BRIEF
Look for the line containing "Dragon OG by Avitas" and the line containing "Eames Task Chair, Fiberglass" in the entries below. Copy those two and all lines between them exactly, leaving out pictures.

DATA FOR ANALYSIS

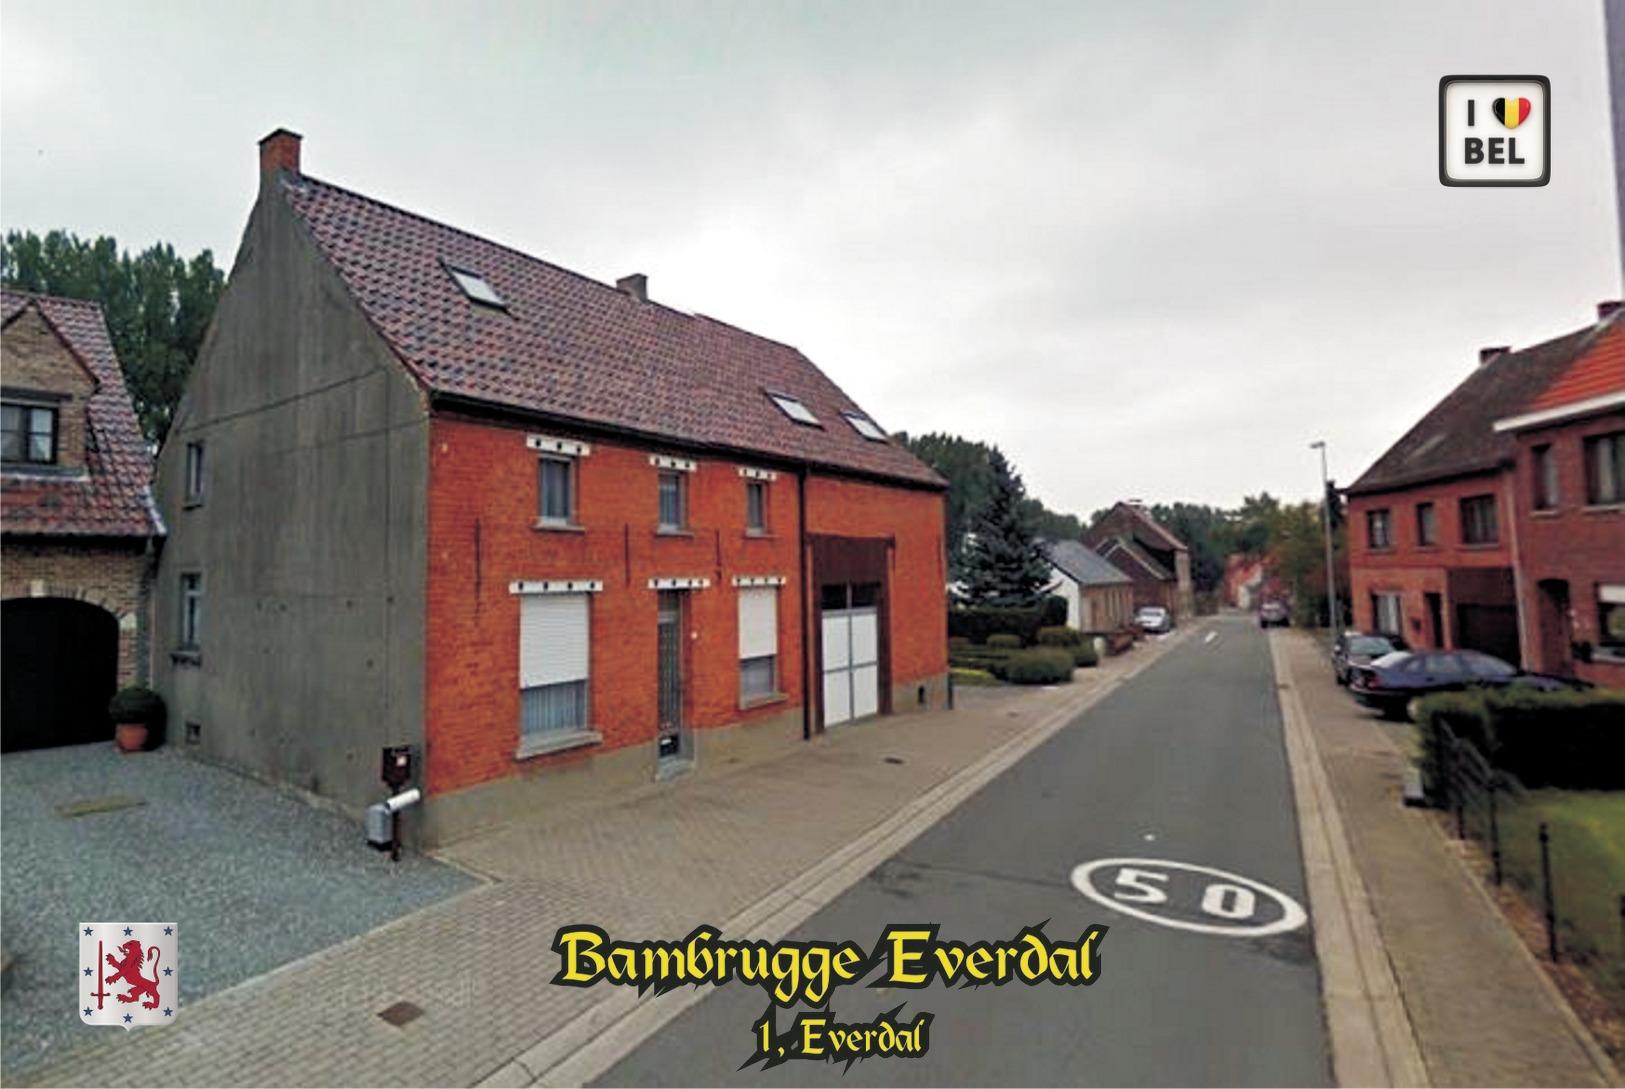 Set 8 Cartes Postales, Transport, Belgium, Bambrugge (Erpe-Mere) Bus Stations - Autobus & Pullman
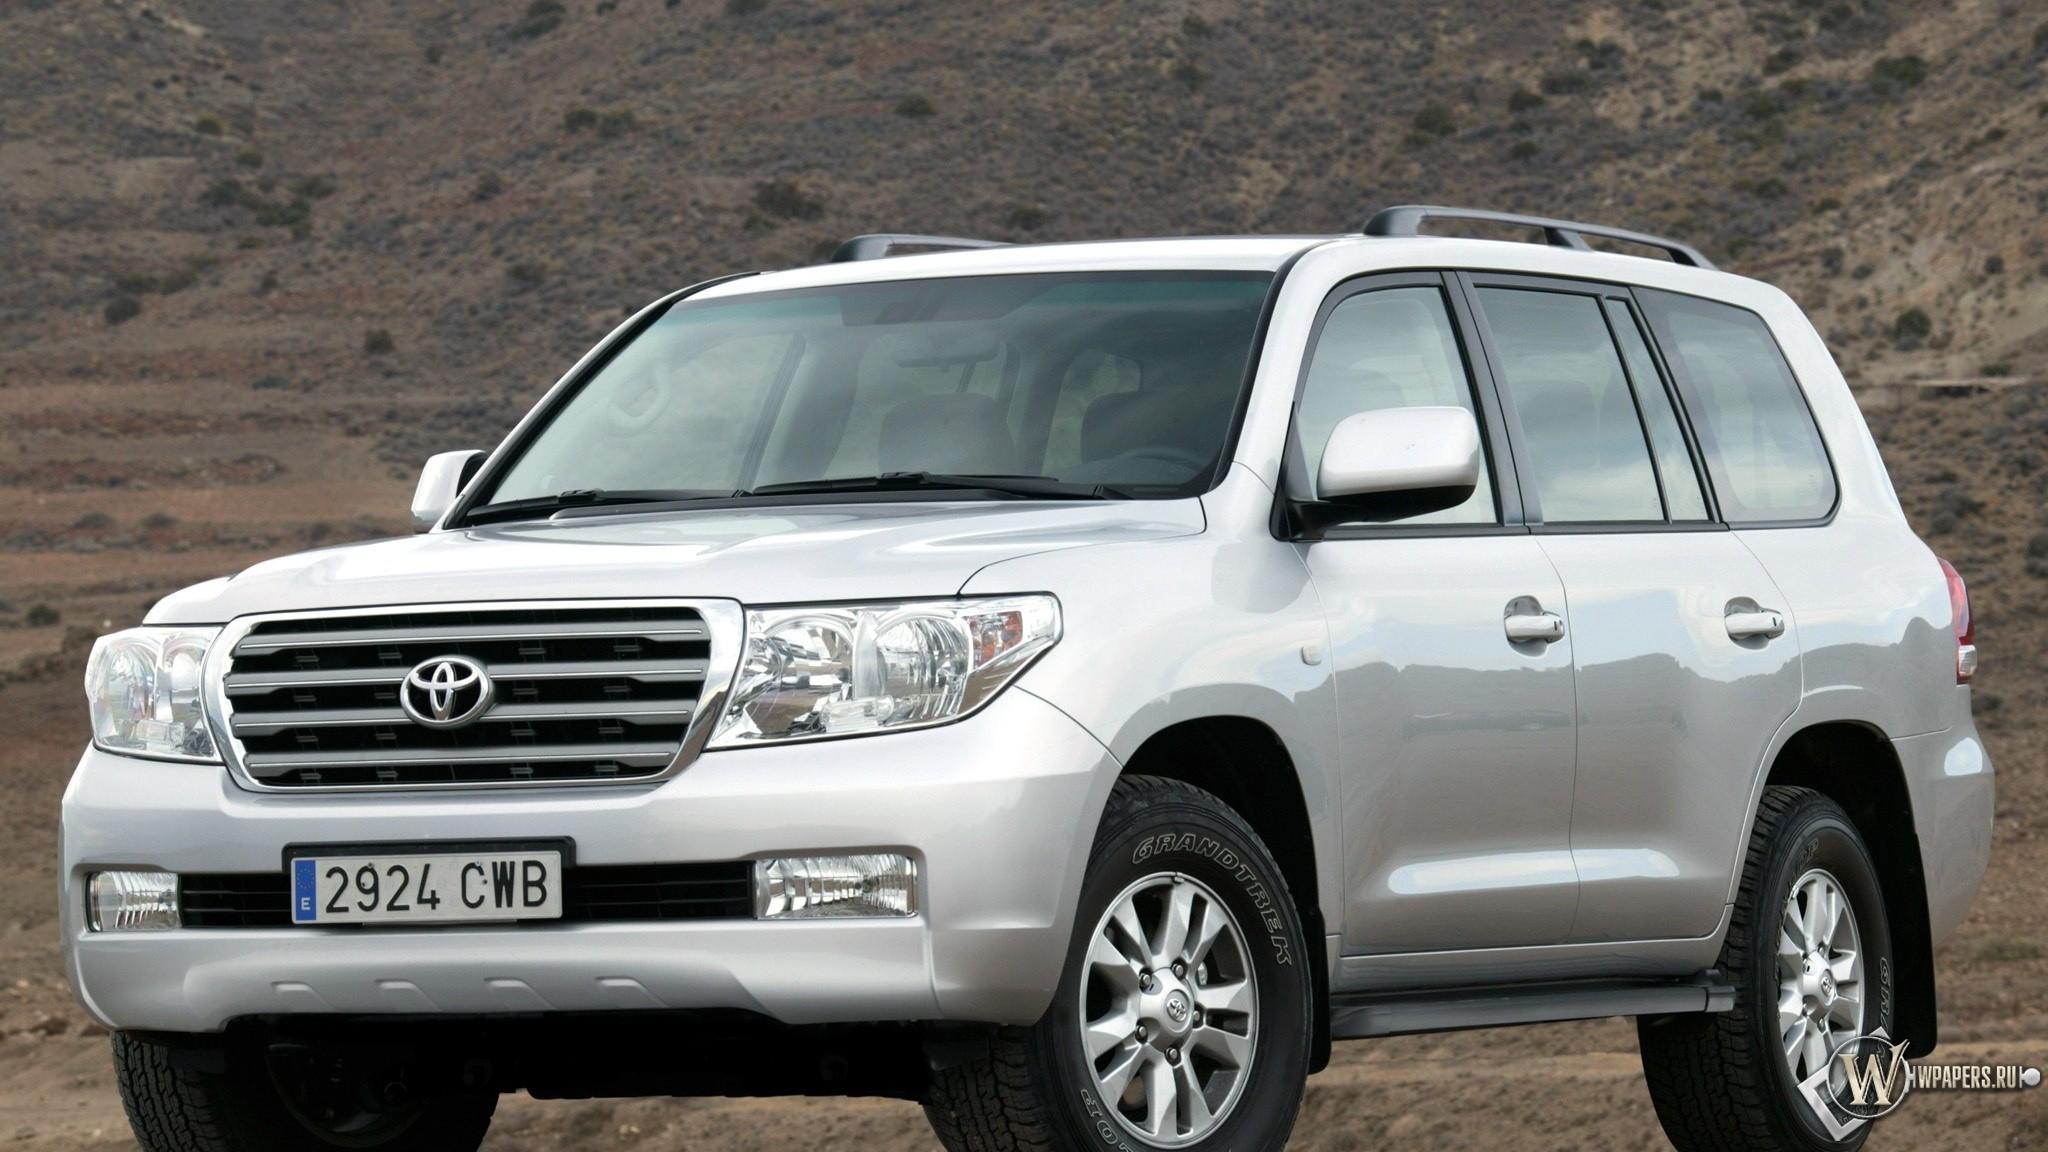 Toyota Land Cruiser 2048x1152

--

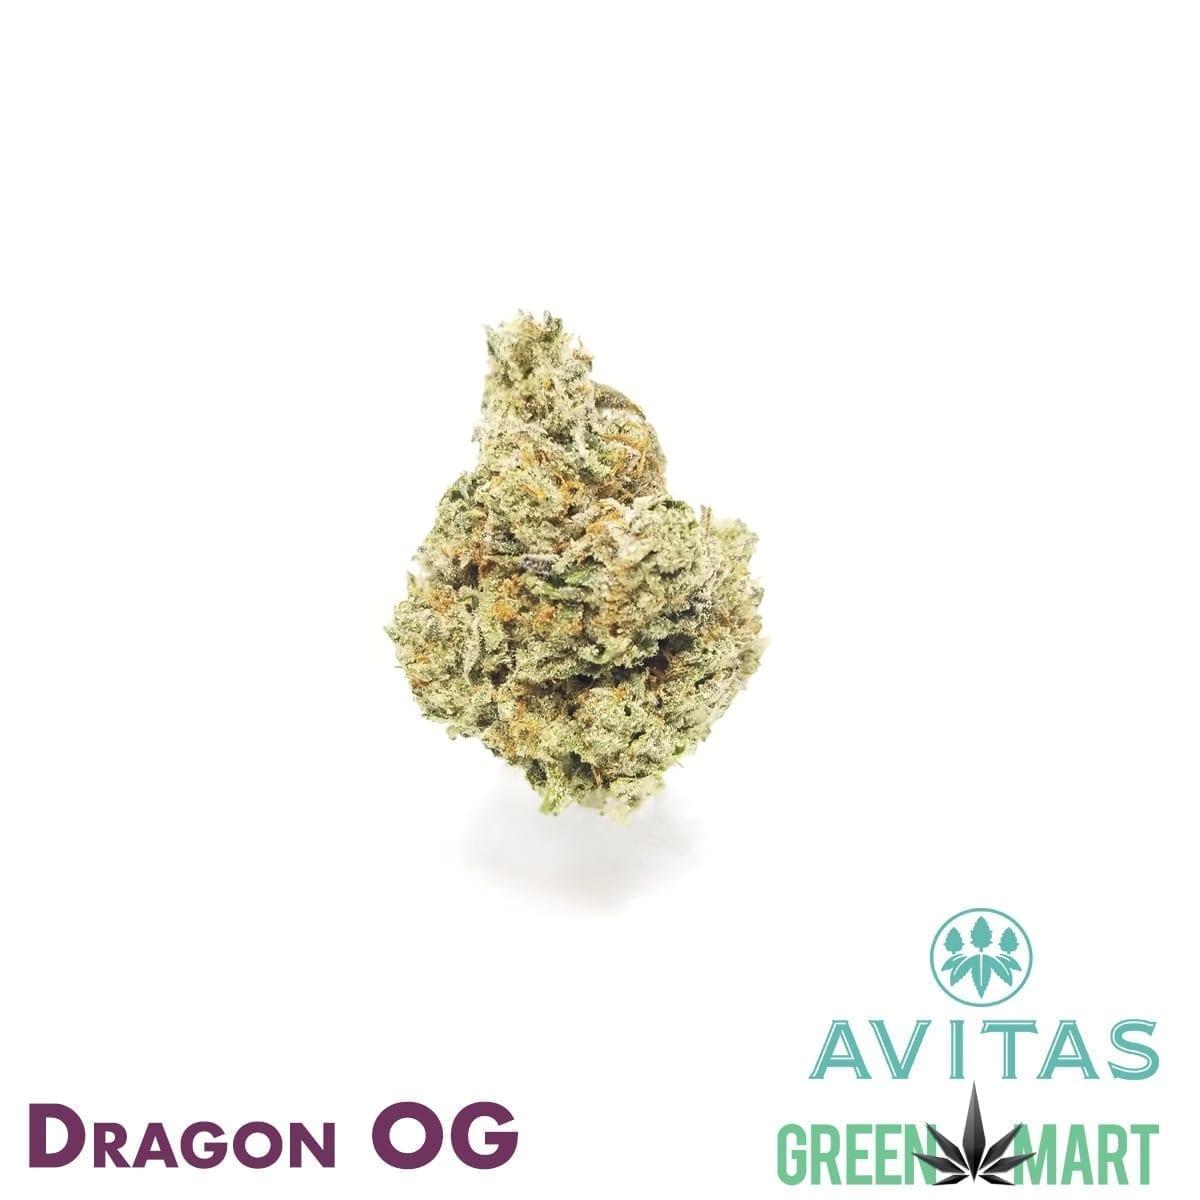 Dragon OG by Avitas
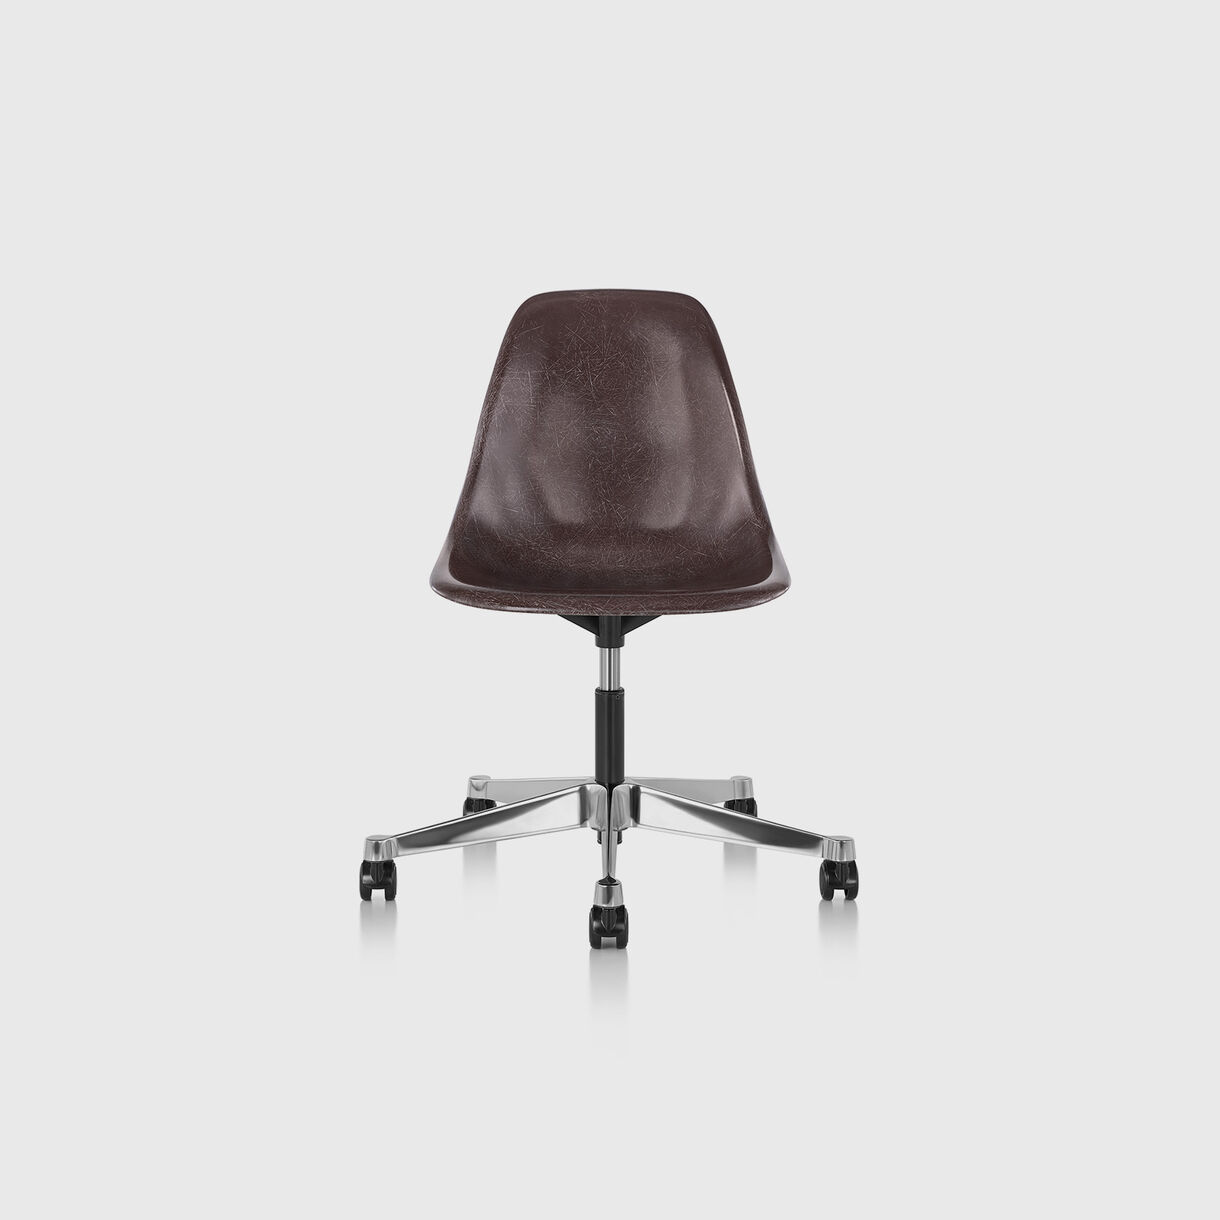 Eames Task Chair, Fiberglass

---

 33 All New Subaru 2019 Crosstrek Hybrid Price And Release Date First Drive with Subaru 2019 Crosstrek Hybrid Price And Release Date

ANSWER SECTION
 Dragon OG by Avitas
 Eames Task Chair, Fiberglass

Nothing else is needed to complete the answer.